Component	Cost Driver	Optimization
Data node instances	Instance type x hours	Reserved instances for 30-60% savings on baseline nodes
EBS storage (gp3)	$0.135/GB-month	Use gp3 - cheaper and faster than gp2
UltraWarm storage	$0.024/GB-month	5x cheaper than EBS for warm data
Cold storage	$0.01/GB-month	For compliance/audit data rarely queried
Data transfer out	Standard AWS rates	Keep consumers in same region
Dedicated master nodes	Instance type x hours	Required for production; size down from data nodes

💡

UltraWarm is 5x cheaper than hot EBS storage but queries are slower (seconds vs milliseconds). For log data older than 30 days that is only queried during incidents, UltraWarm provides excellent cost savings without sacrificing operational utility.

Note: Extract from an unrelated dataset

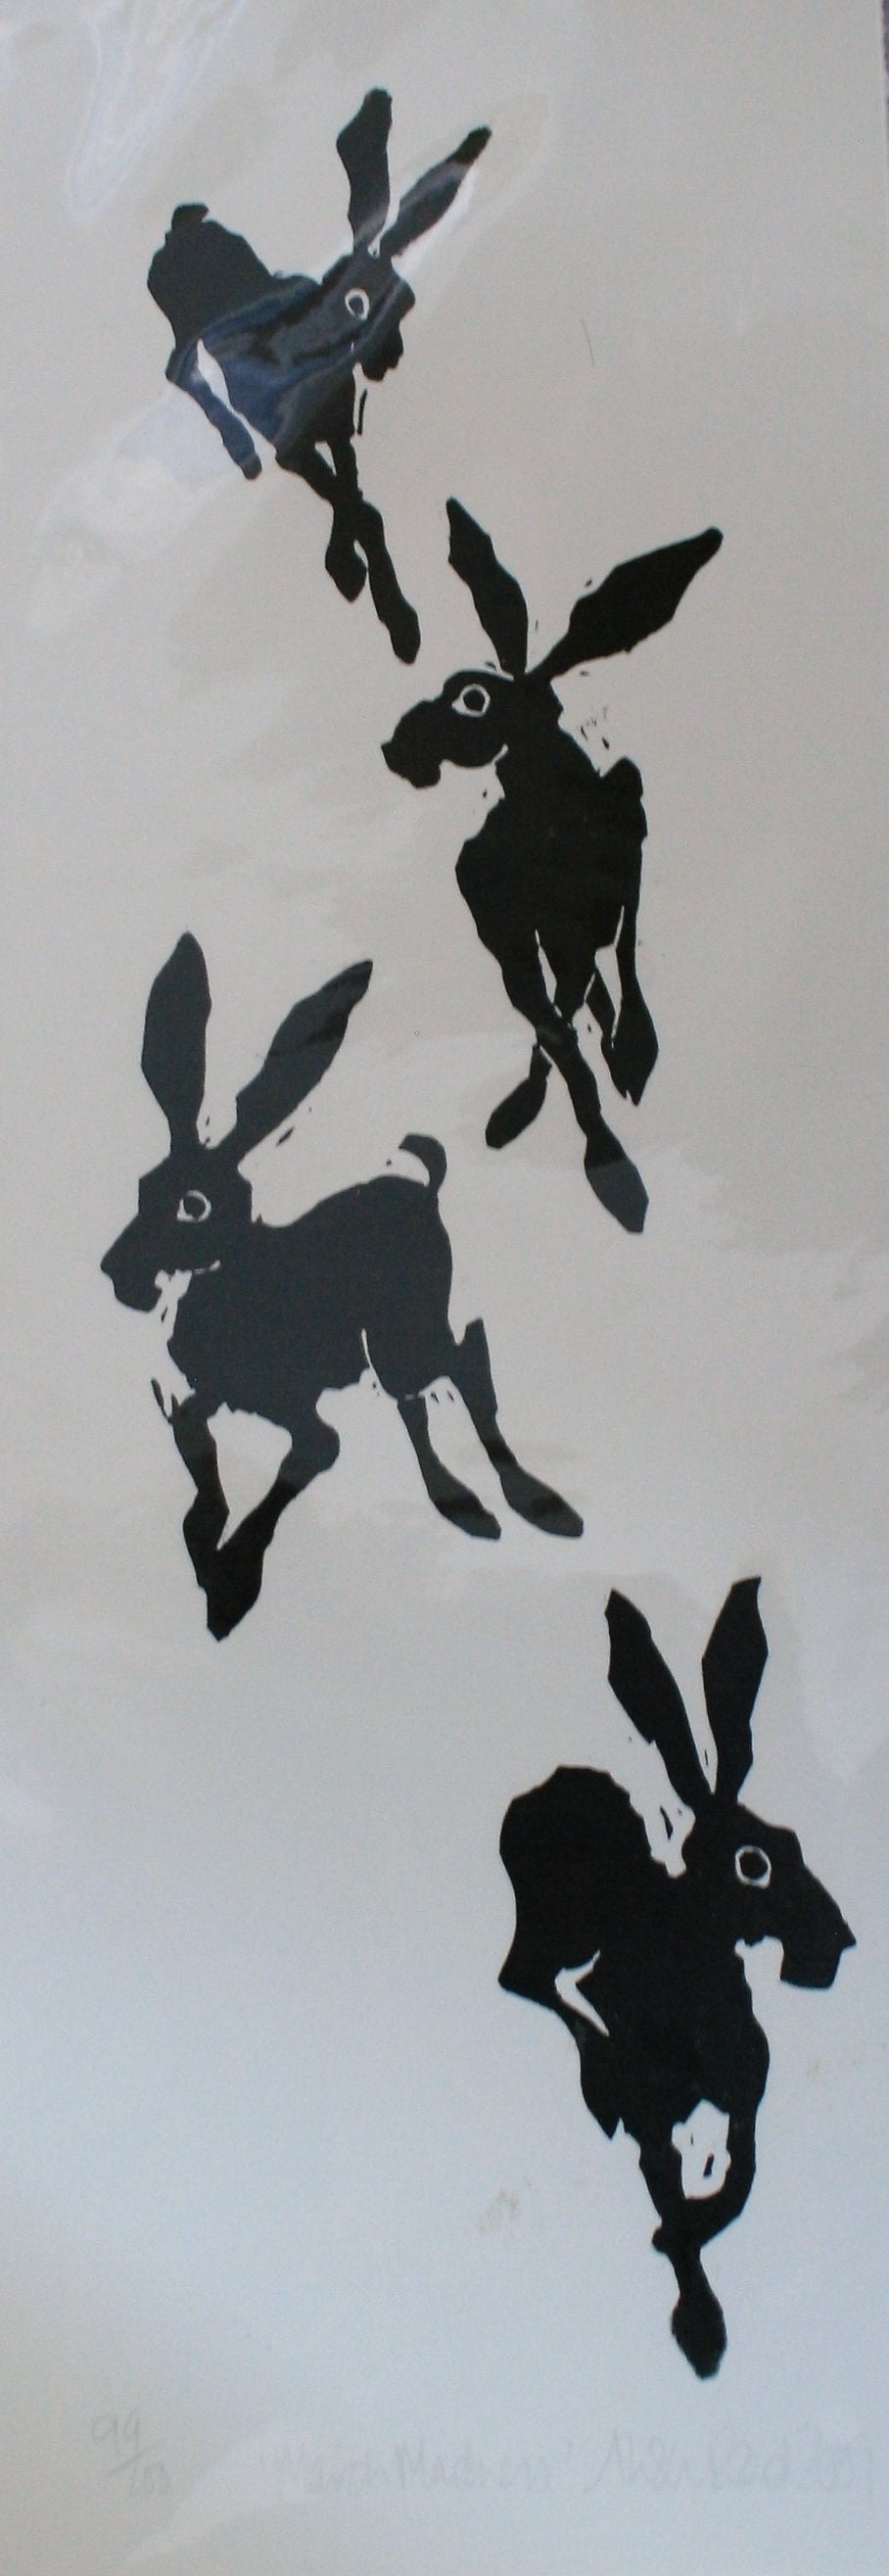 Alison Read - Lino artist-  Print of sprinting hares- 'March Madness'
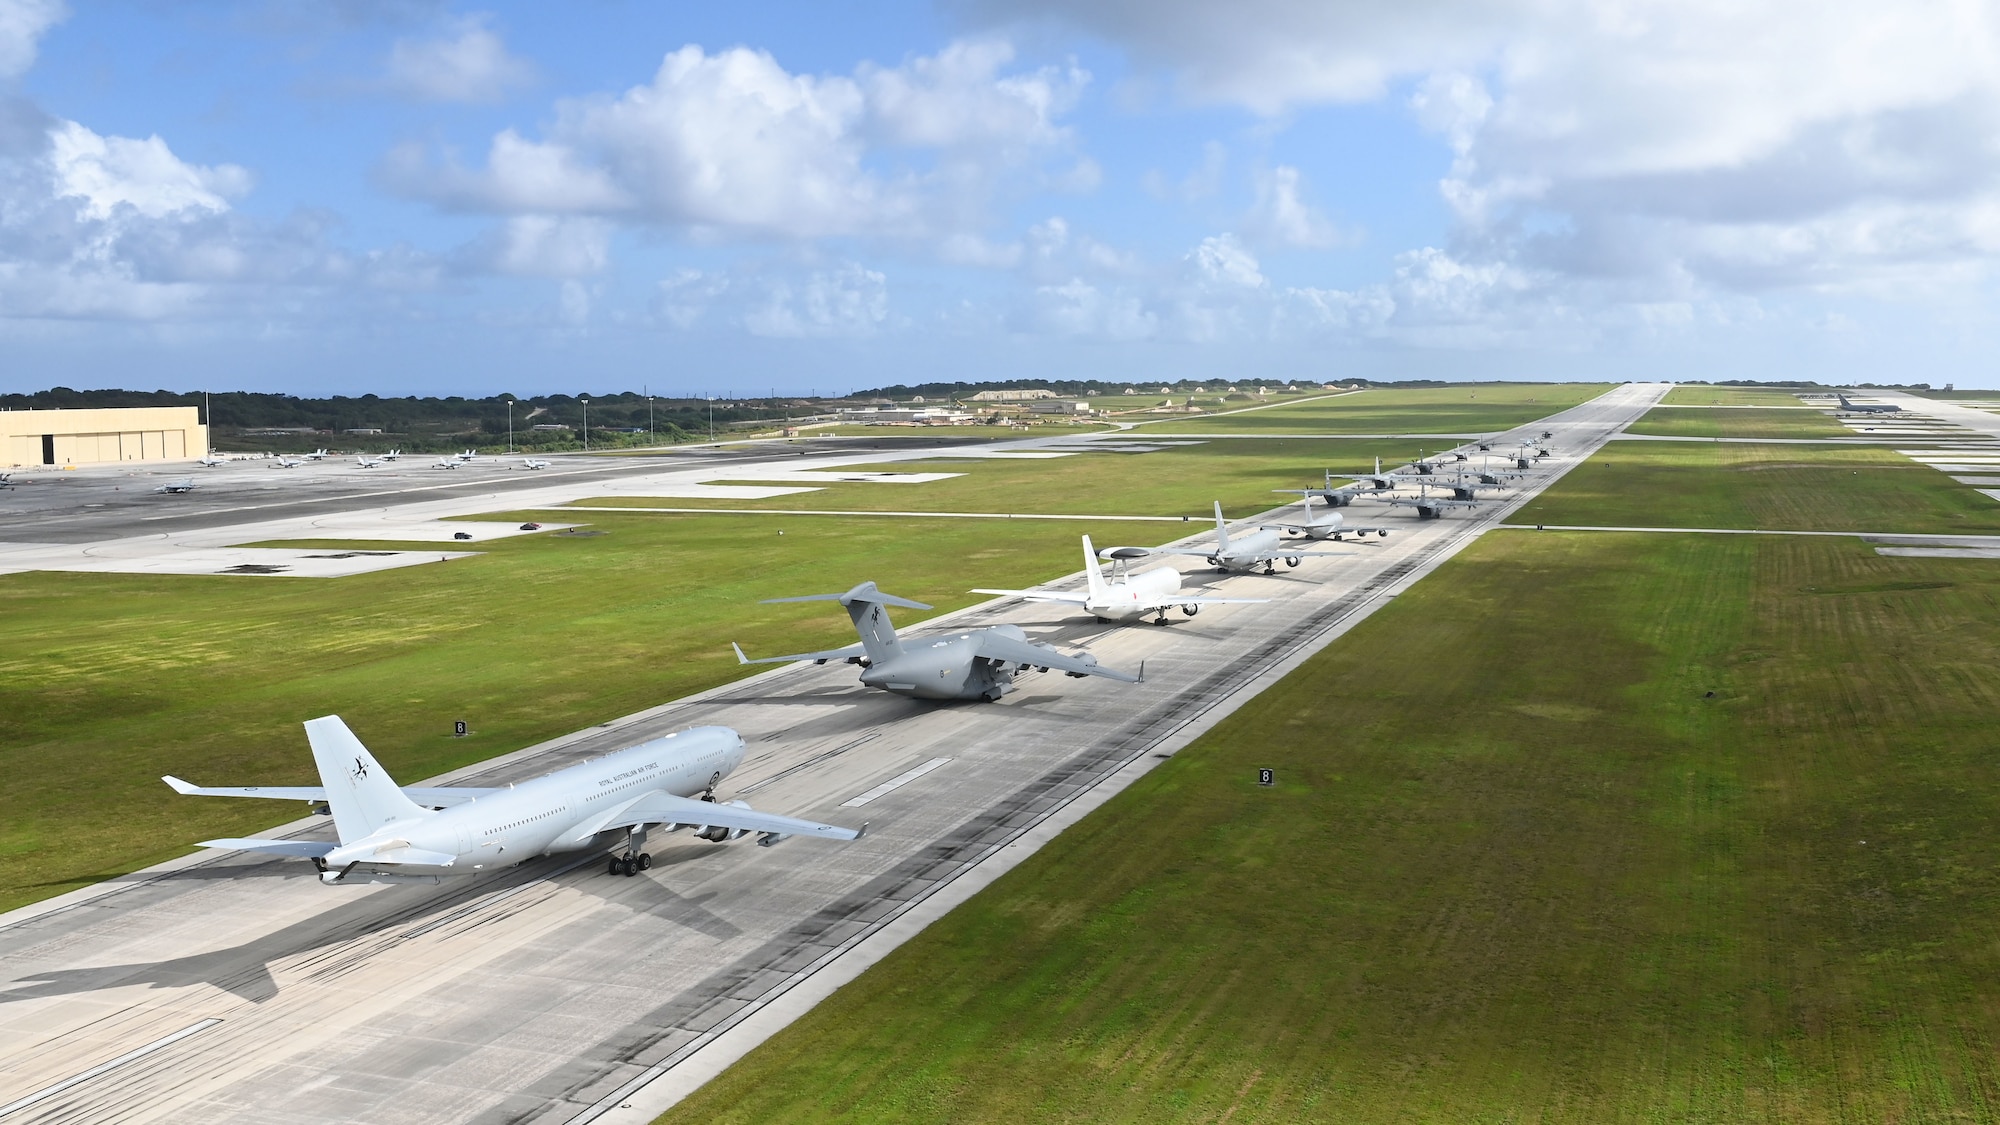 U.S. Air Force, Royal Australian Air Force and Japan Air Self-Defense Force aircraft participate in a close formation taxi, known as an Elephant Walk, during Cope North 2022 at Andersen Air Force Base, Guam, Feb. 5, 2022.

OpenSearch vs CloudWatch Logs Insights for Log Analytics

Dimension	OpenSearch Service	CloudWatch Logs Insights
Query language	Lucene + SQL + PPL	CloudWatch Insights query language
Full-text search	Excellent - inverted index	Limited - pattern matching only
Cost for high volume	Lower at scale with UltraWarm	Expensive - charged per GB ingested + scanned
Dashboards	OpenSearch Dashboards (Kibana fork)	CloudWatch Dashboards (simpler)
Alerting	Built-in alerting + anomaly detection	CloudWatch Alarms + Insights scheduled queries
Setup complexity	Higher - cluster sizing, ISM	Zero - fully serverless
AWS service logs	Requires Firehose/delivery pipeline	Native - one-click subscriptions

💡

For AWS service logs (VPC Flow, CloudTrail, ALB access), CloudWatch Logs is simpler to set up. For custom application logs at high volume, or when you need full-text search and complex aggregations, OpenSearch is significantly cheaper and more capable.

🎯

Interview Focus Points

1Why do you need dedicated master nodes in an OpenSearch production cluster, and what happens without them?
2Explain the UltraWarm tier - how does it work and what workloads justify it?
3How does Index State Management work and how would you configure a log lifecycle policy?
4Compare OpenSearch Service to CloudWatch Logs Insights for log analytics - when do you choose each?
5What is the impact of shard count on OpenSearch performance and how do you size shards correctly?
6How would you ingest Kubernetes application logs from an EKS cluster into OpenSearch?
7How does OpenSearch fine-grained access control work with IAM and internal users?
8A search query that used to return in 100ms now takes 5 seconds - walk me through diagnosing the issue.